# Exercise objective
Beginning at the line containing "Fitness trainer doing", give again every line through the end of the data, unchanged and with both ends included. Drop any pictures.

# Recorded information
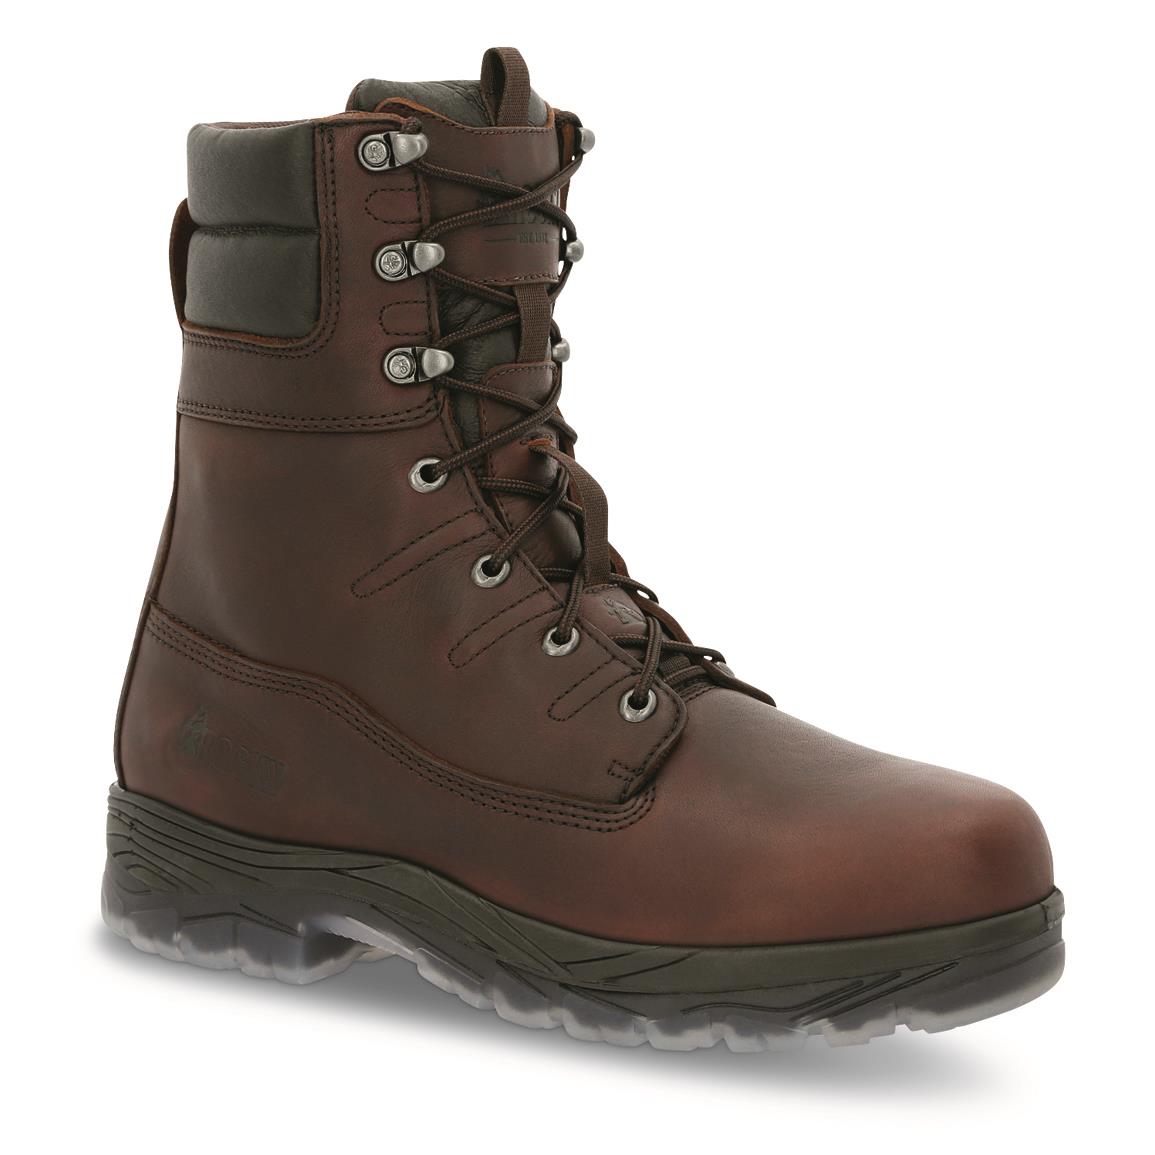 Rocky Men's Forge 8" Work Boots, Brown
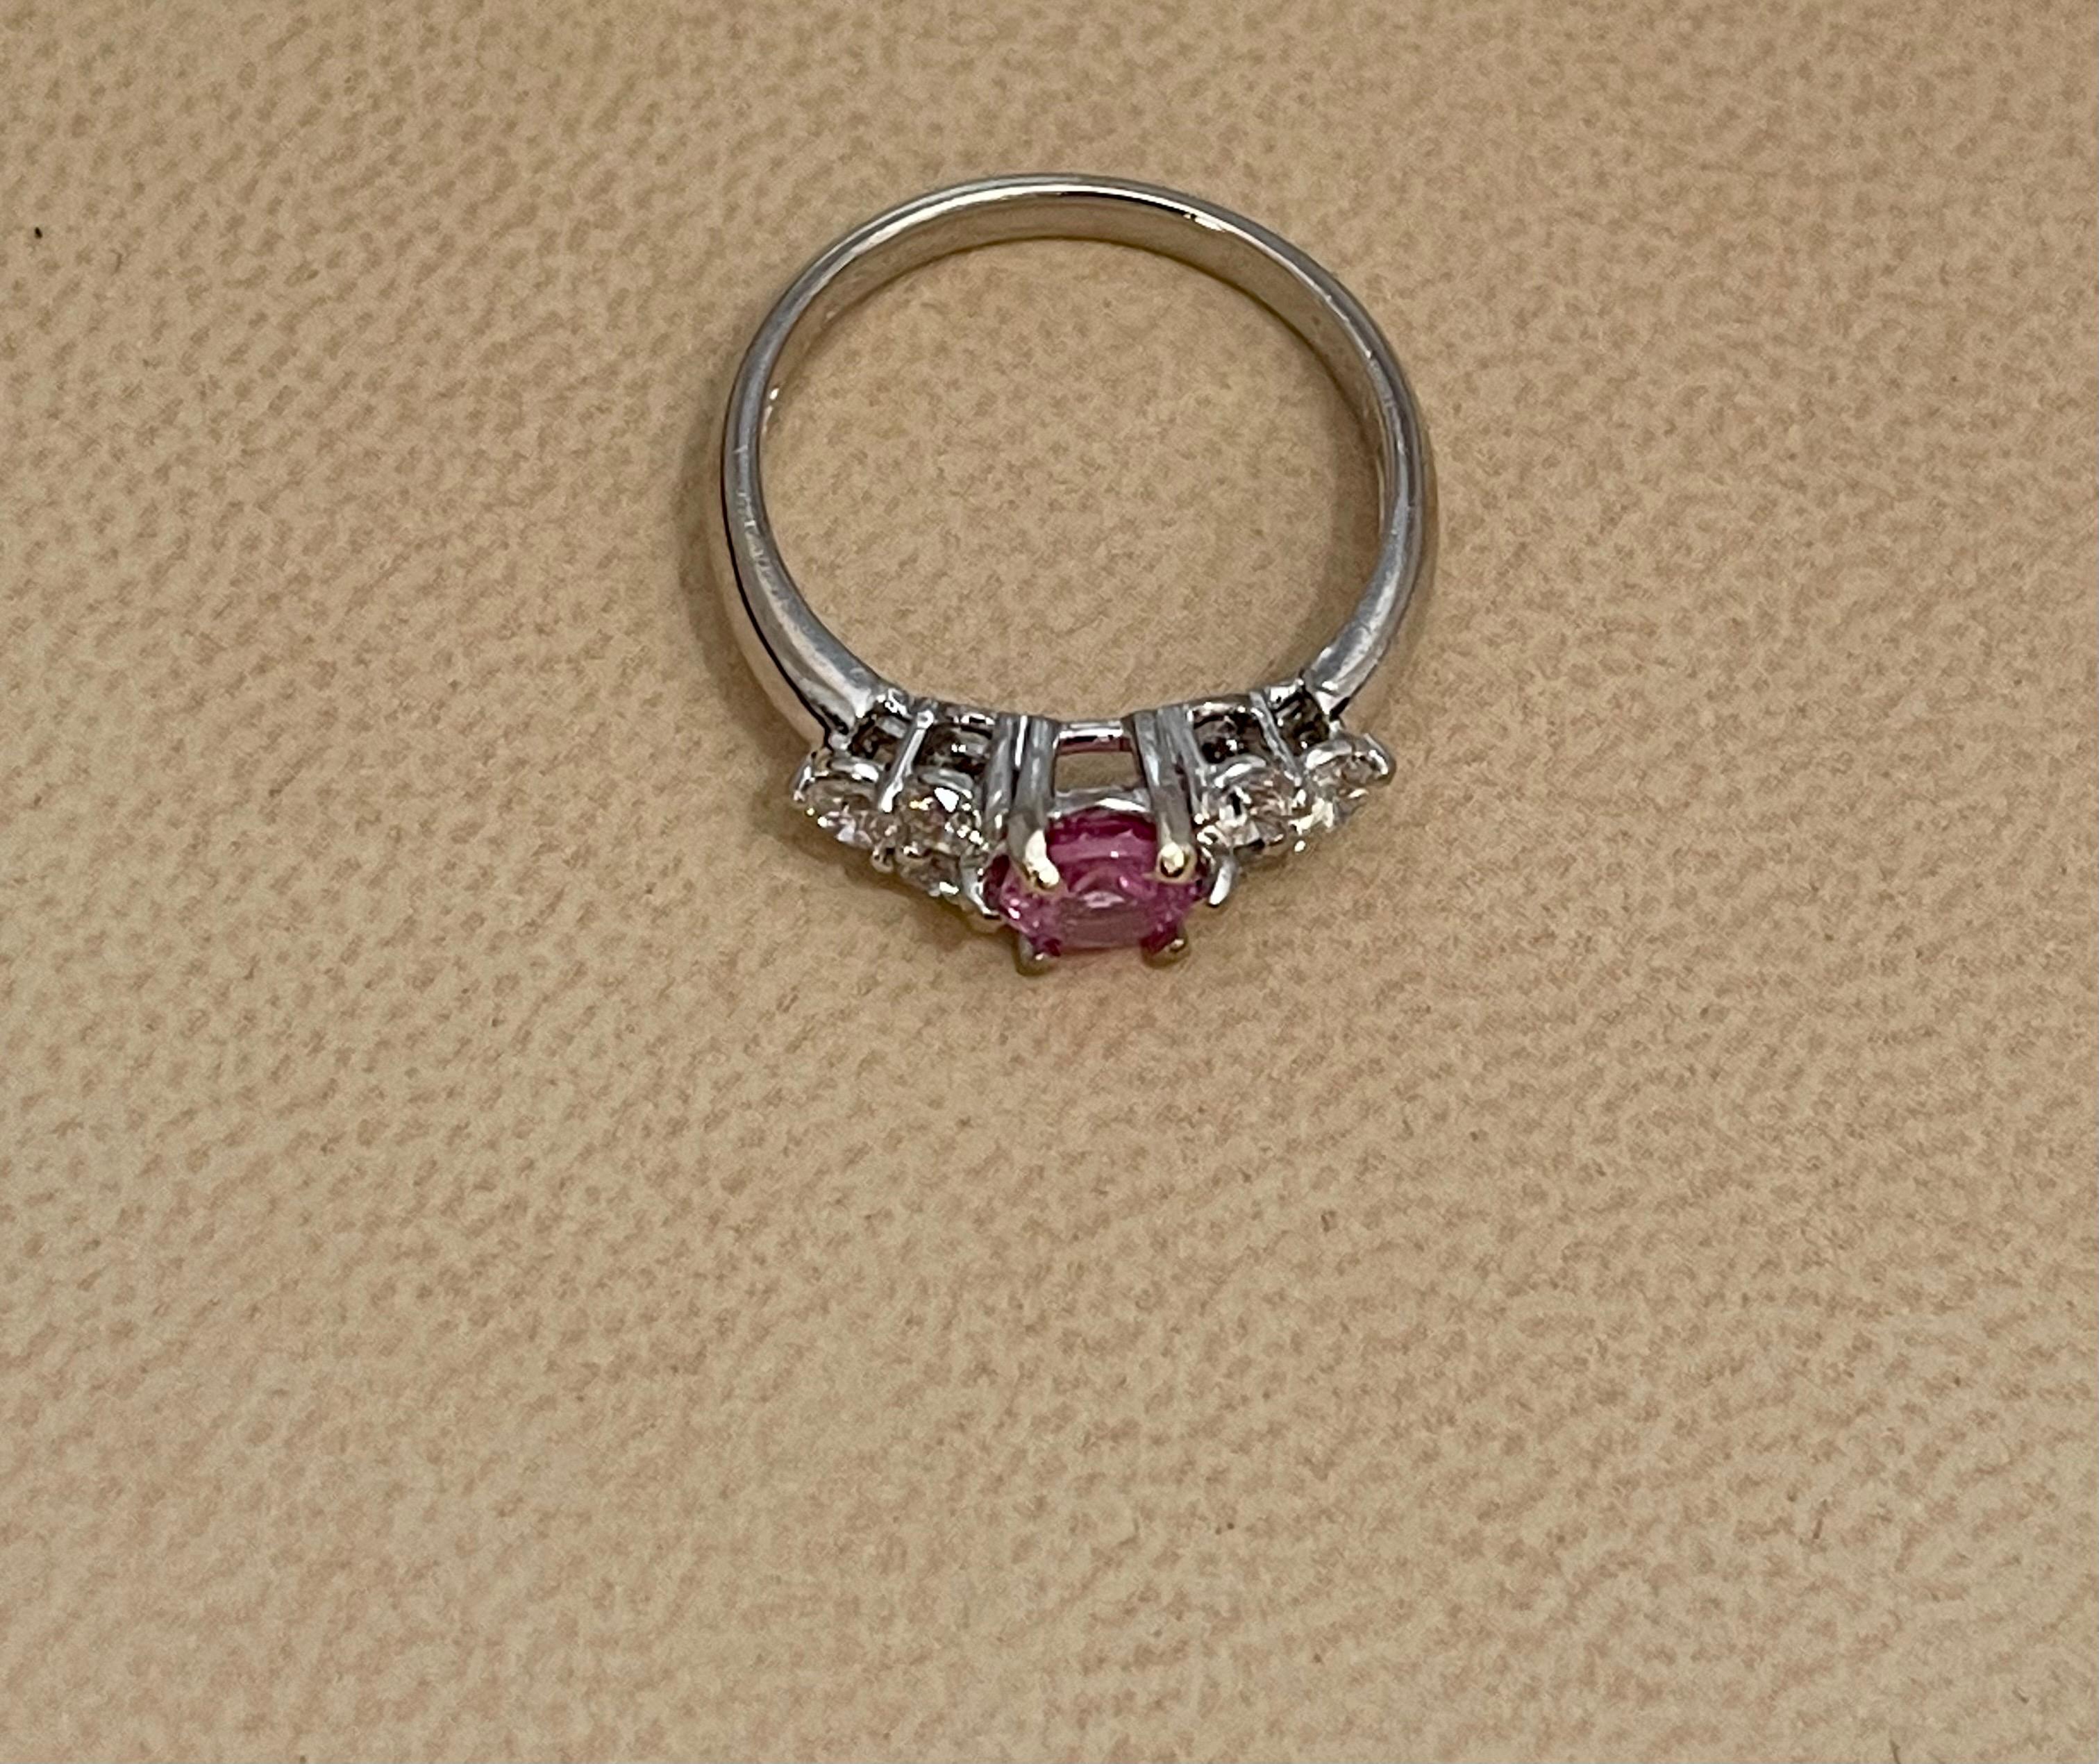 0.75 Ct Natural Pink Sapphire & 0.50 Ct Diamond Ring in 18 Karat White Gold For Sale 5
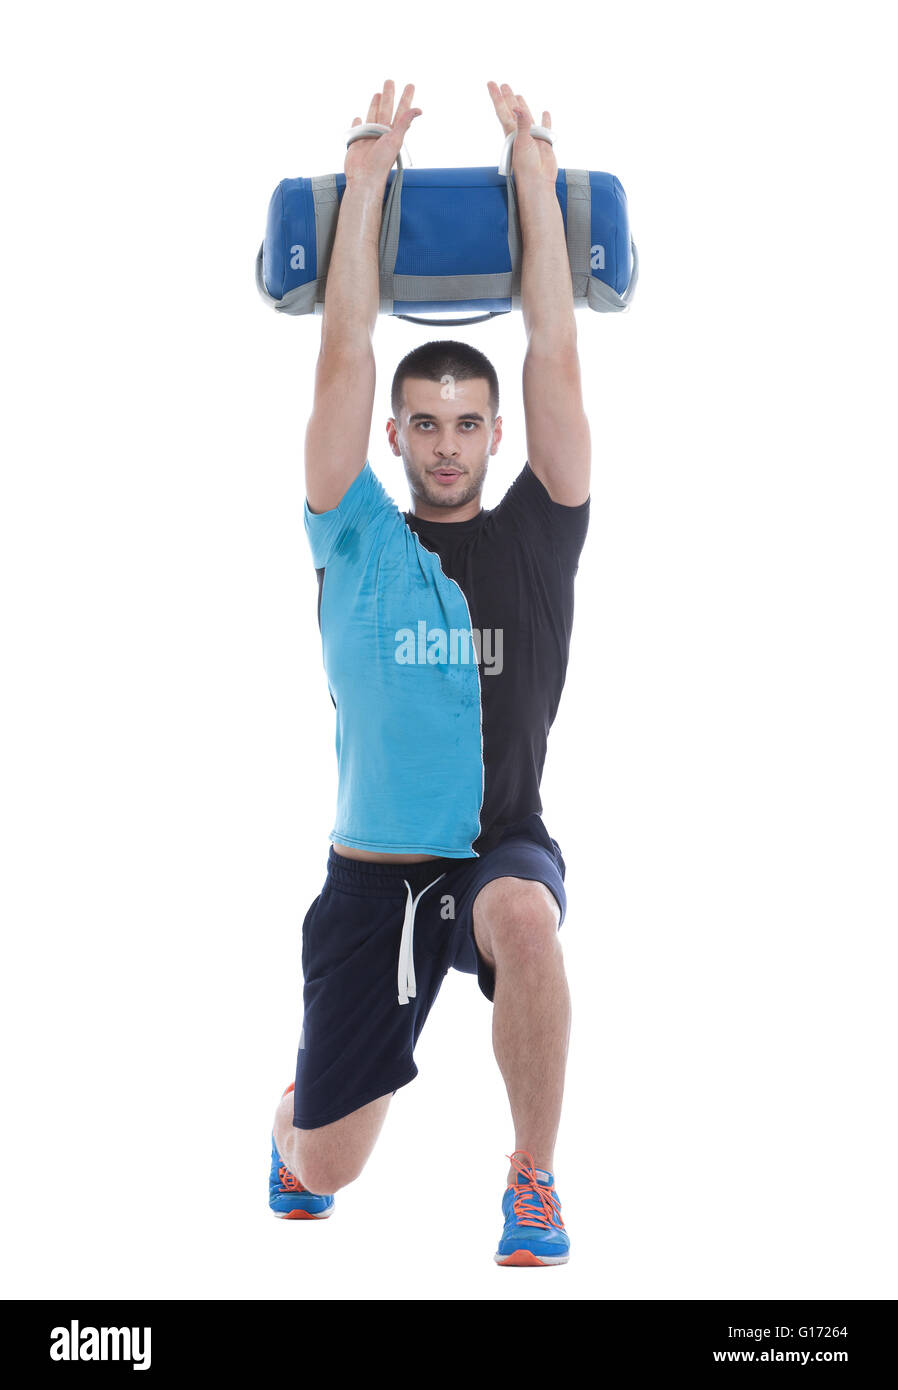 Fitness trainer doing a demonstration of core bag exercise. Image isolated on white background. Stock Photo
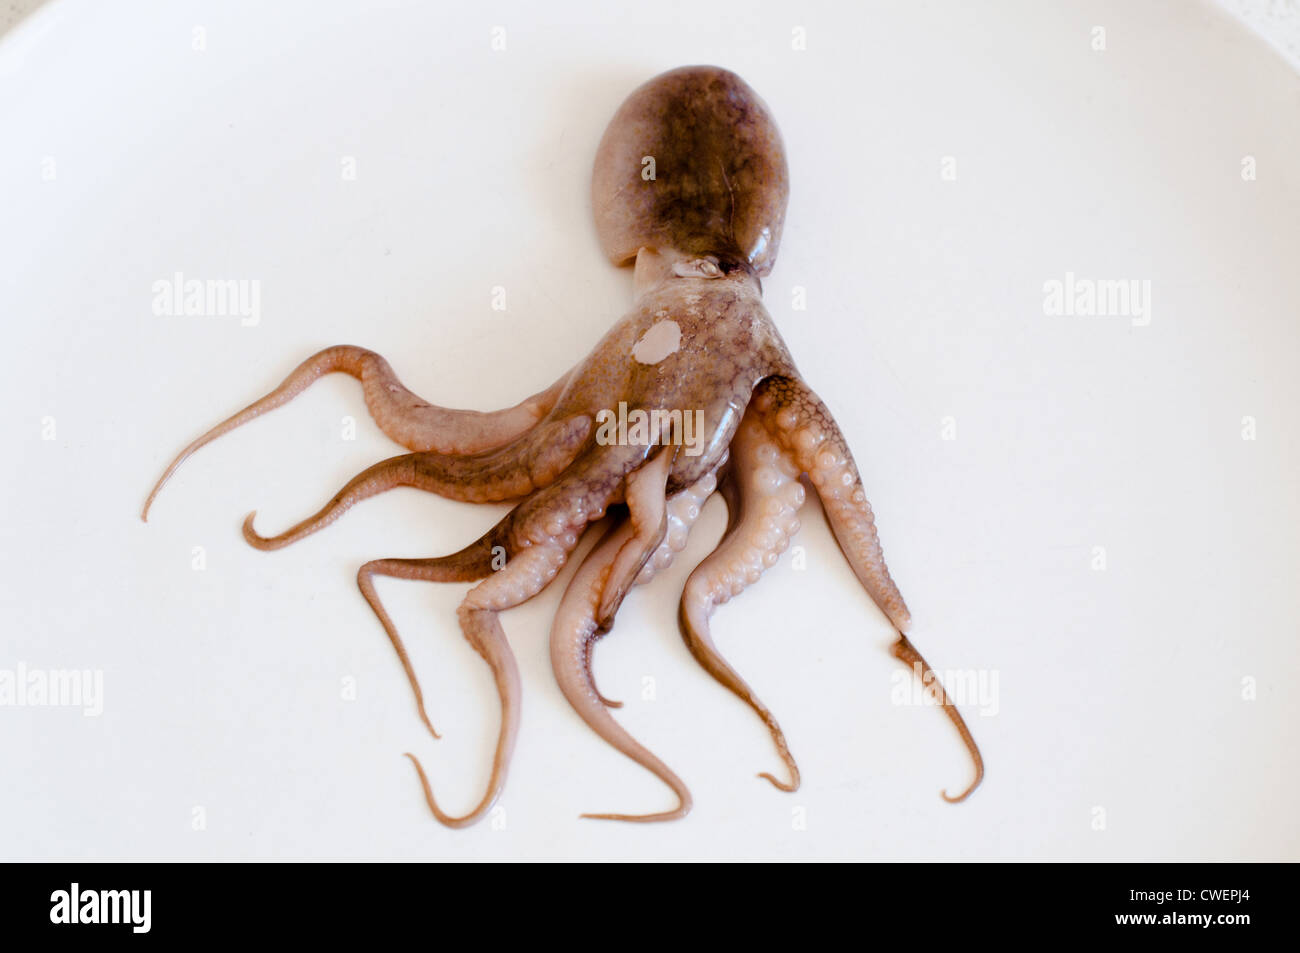 One raw baby octopus (Moscardini) arranged on a white plate Stock Photo
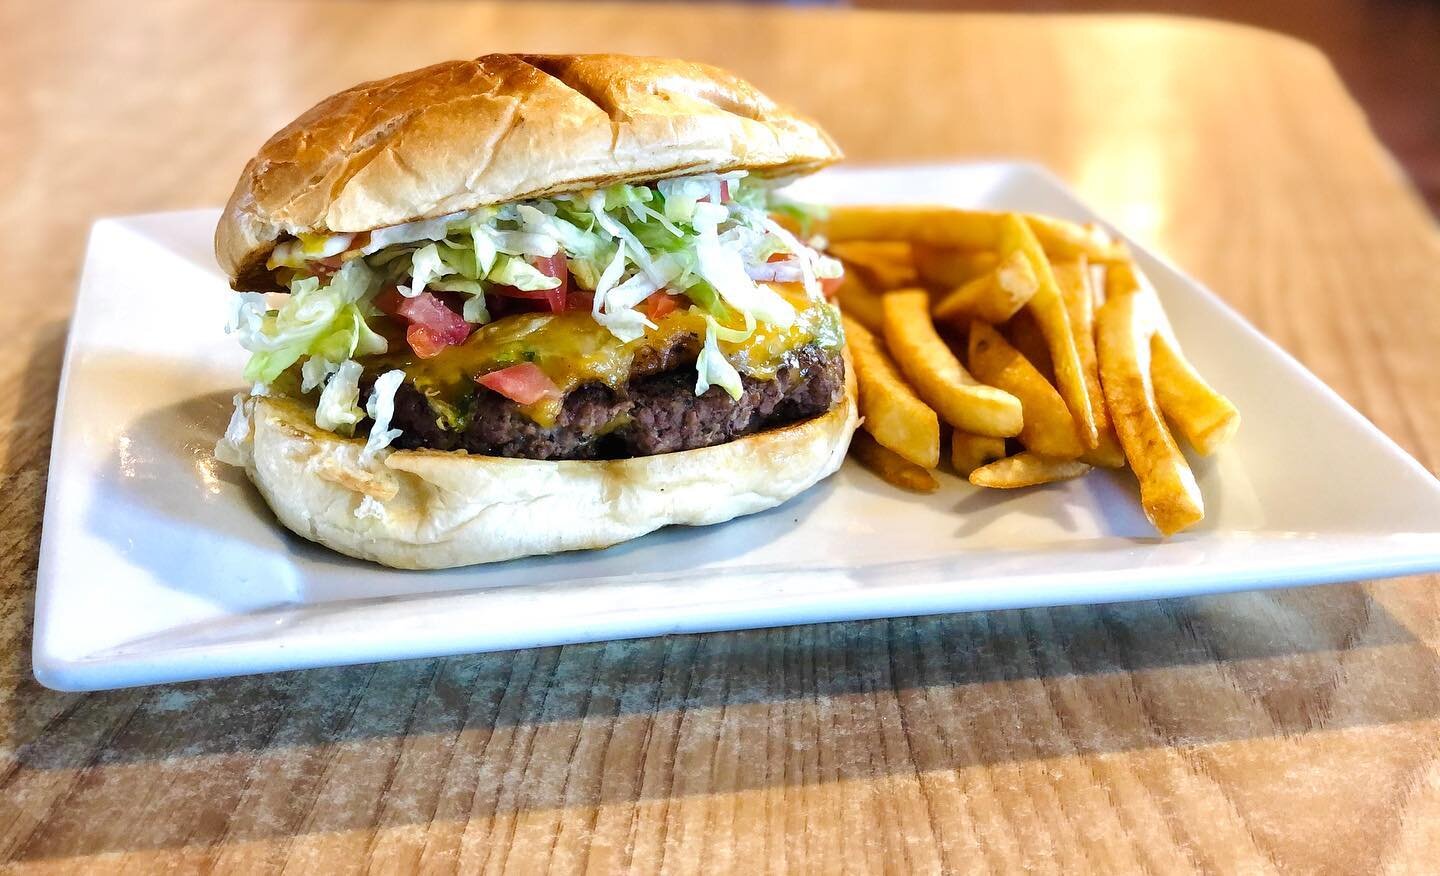 Come Try Our 1/2 Torta Burger!!
We Are Open For Dine-in and Takeout!
Call Us At (520)748-1032!

# Expected output
 Fitness trainer doing a demonstration of core bag exercise. Image isolated on white background. Stock Photo
 One raw baby octopus (Moscardini) arranged on a white plate Stock Photo
 Come Try Our 1/2 Torta Burger!!
We Are Open For Dine-in and Takeout!
Call Us At (520)748-1032!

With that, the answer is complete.